[Start of section]

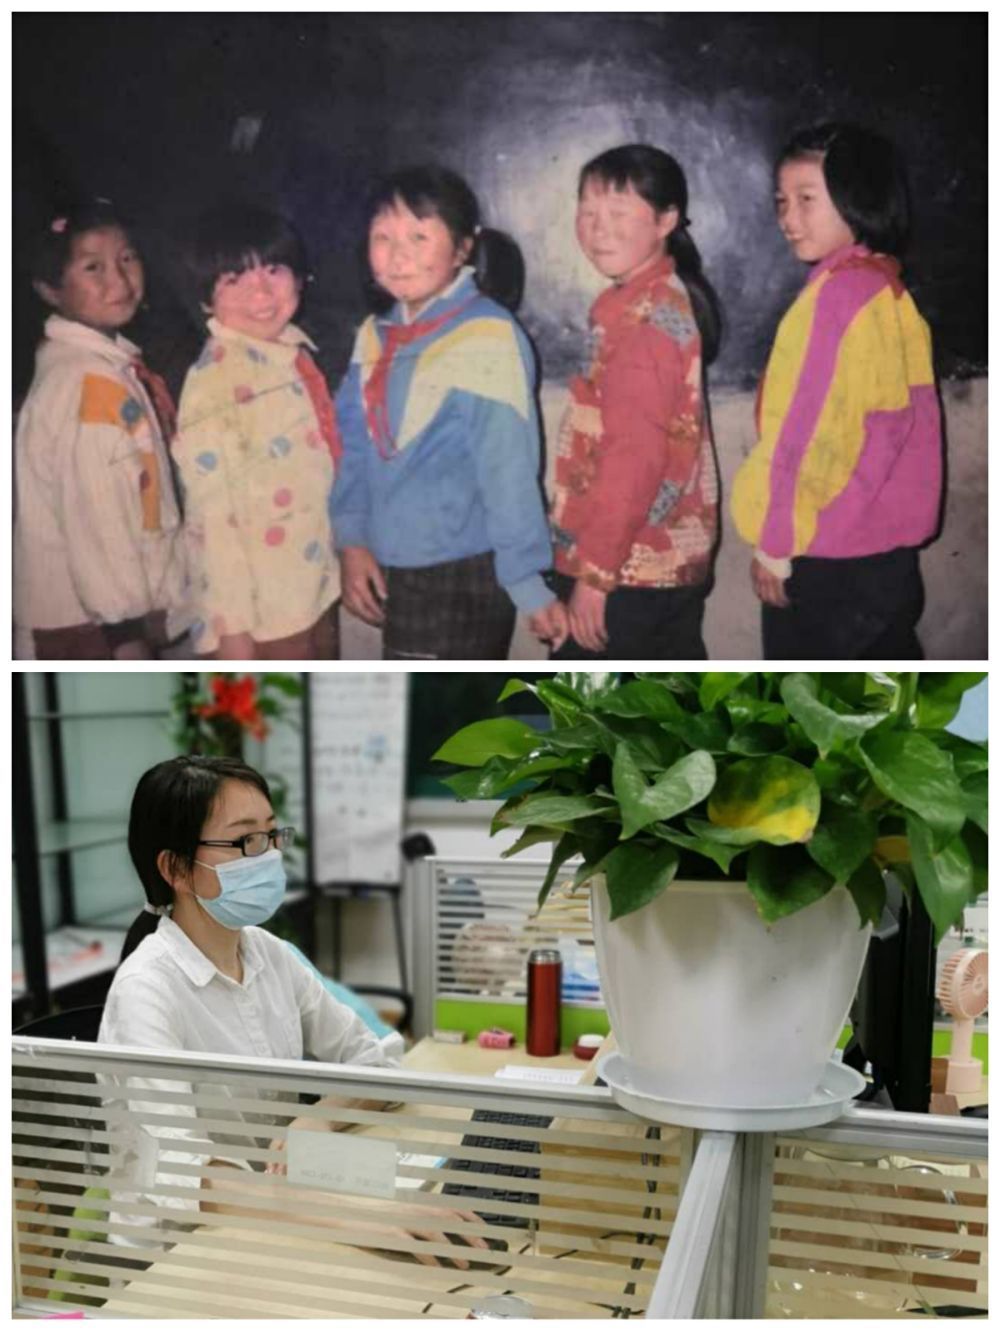 今天，中国第一所希望小学30岁了
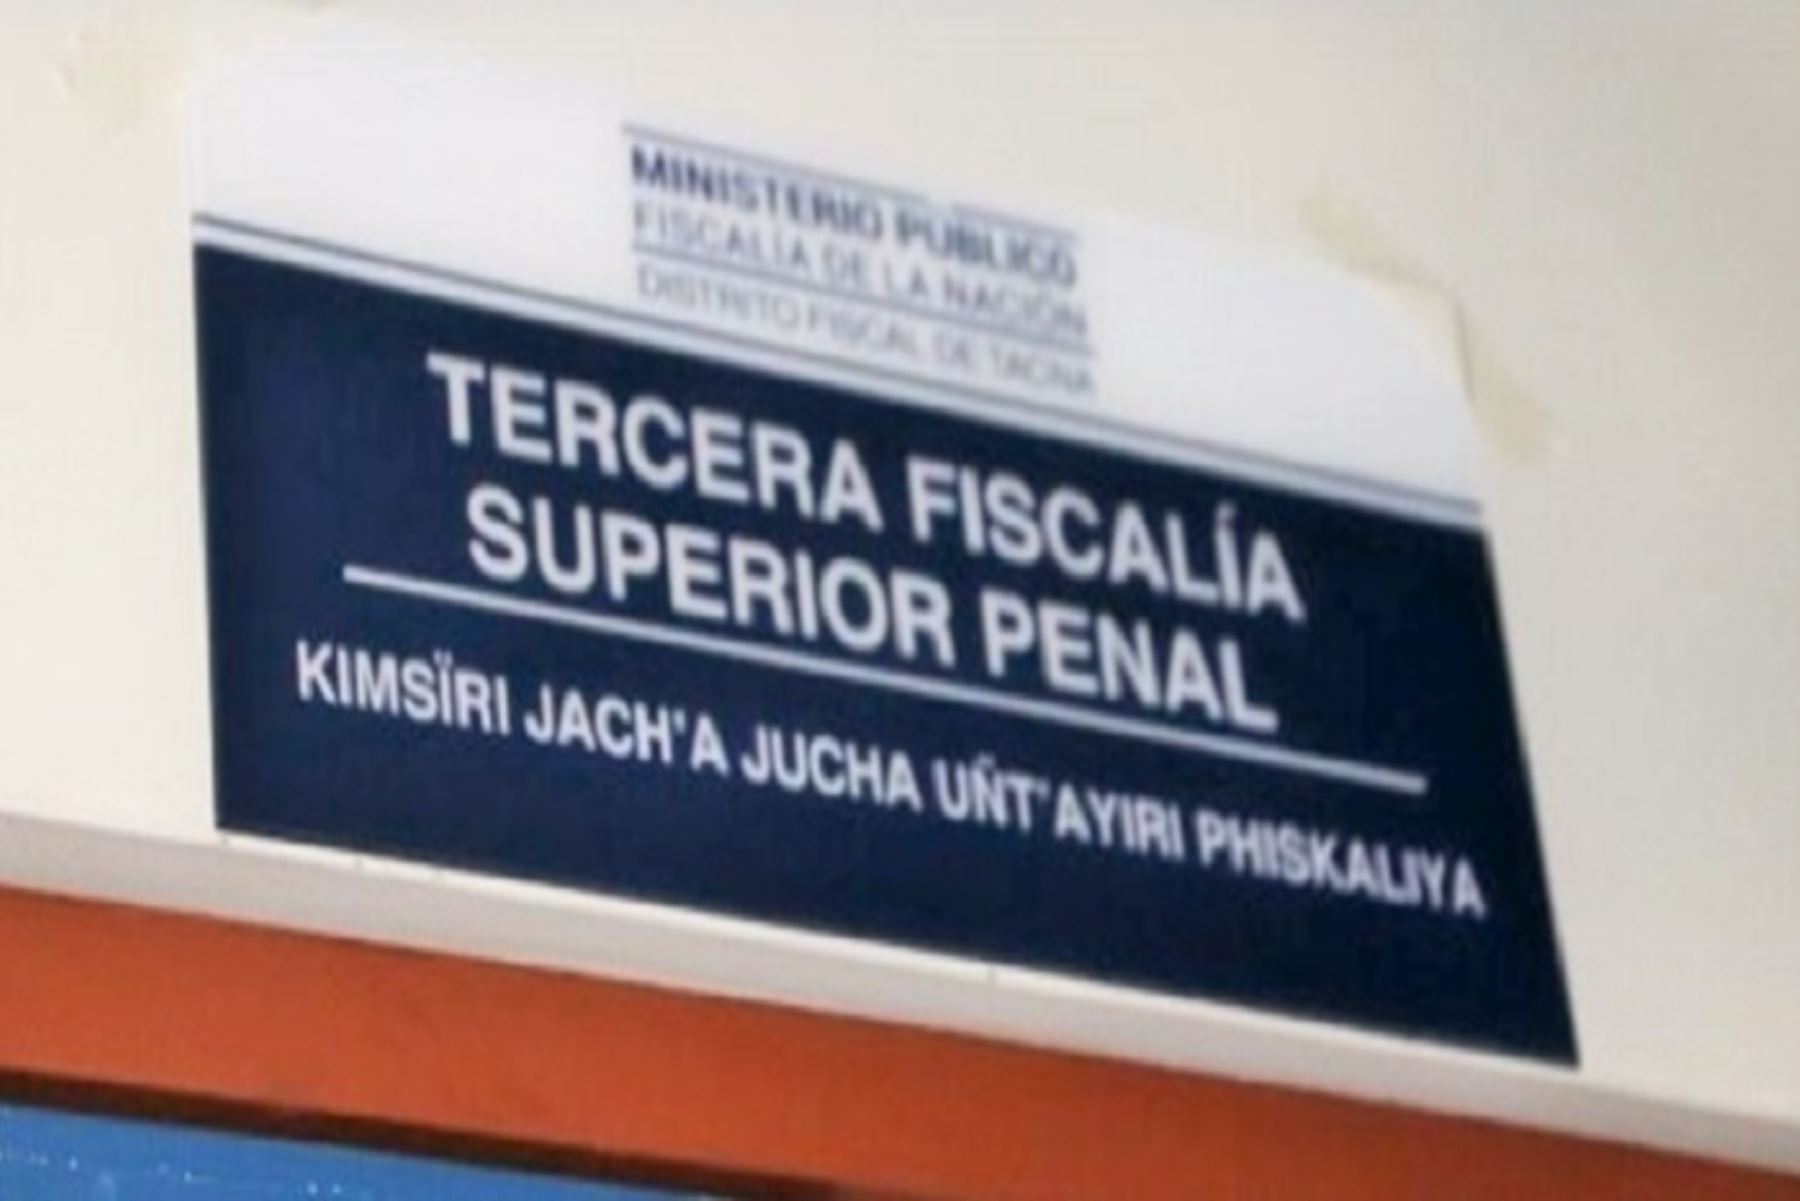 Las señalizaciones han sido colocadas en la sede central del Ministerio Público de Tacna, en la lengua originaria aimara.
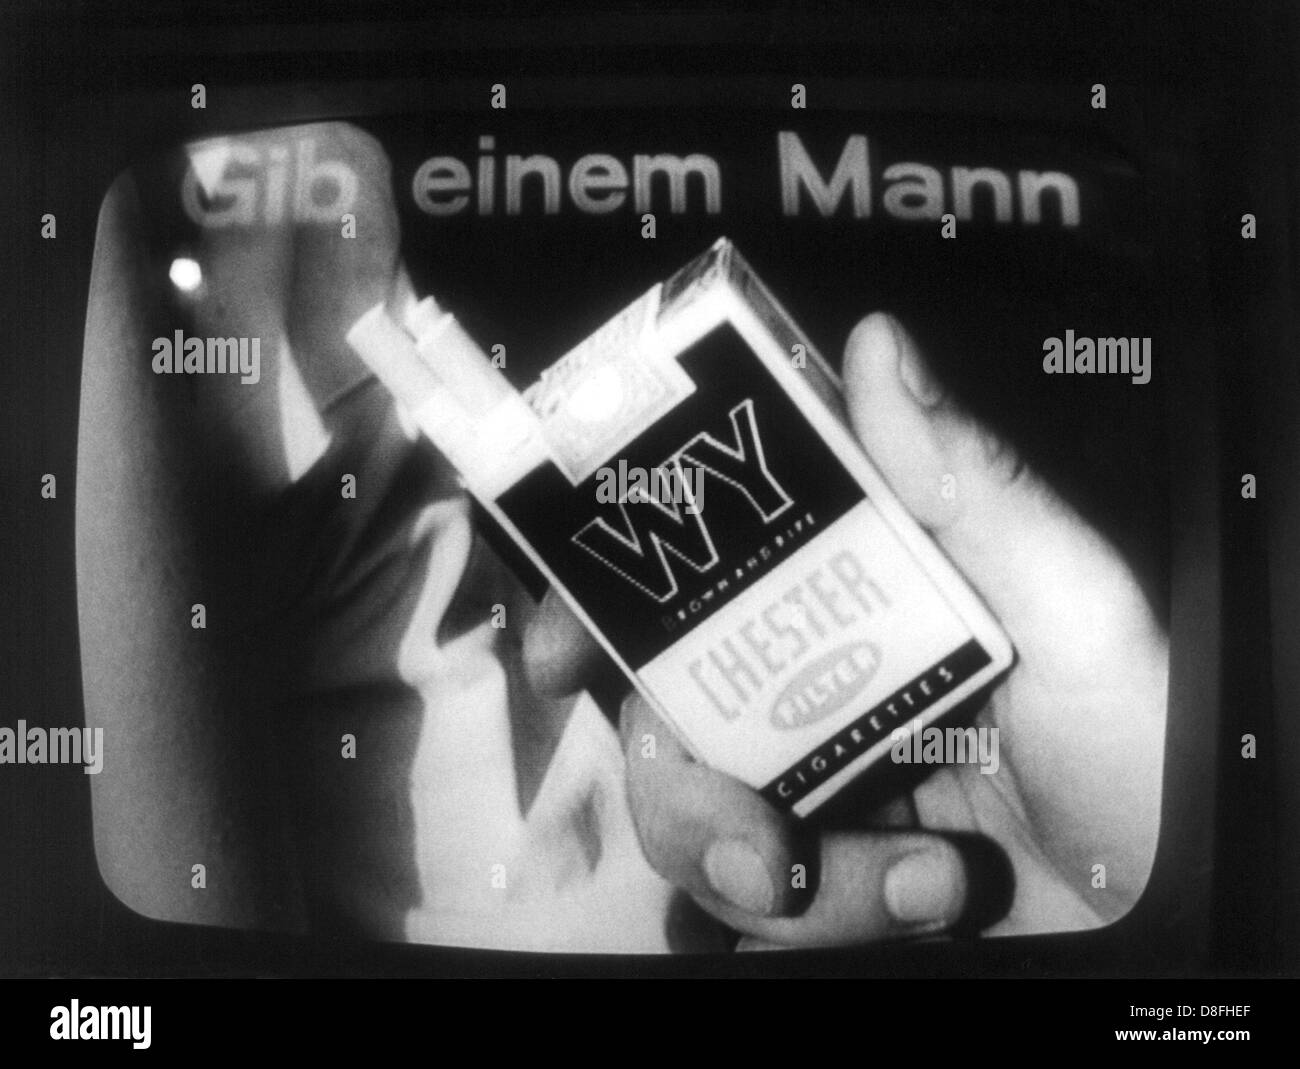 "Donnez un homme WY' indique au spectateur de télévision d'acheter des cigarettes de l'étiquette WY, d''une télévision publicité de 1965. Banque D'Images

[End of section]

> [What this task involves] The expected output is exactly the lines from the one containing "Las señalizaciones han" through the last line of the listing, both included, with every picture left out.

> [Solution]
 Las señalizaciones han sido colocadas en la sede central del Ministerio Público de Tacna, en la lengua originaria aimara.
 "Donnez un homme WY' indique au spectateur de télévision d'acheter des cigarettes de l'étiquette WY, d''une télévision publicité de 1965. Banque D'Images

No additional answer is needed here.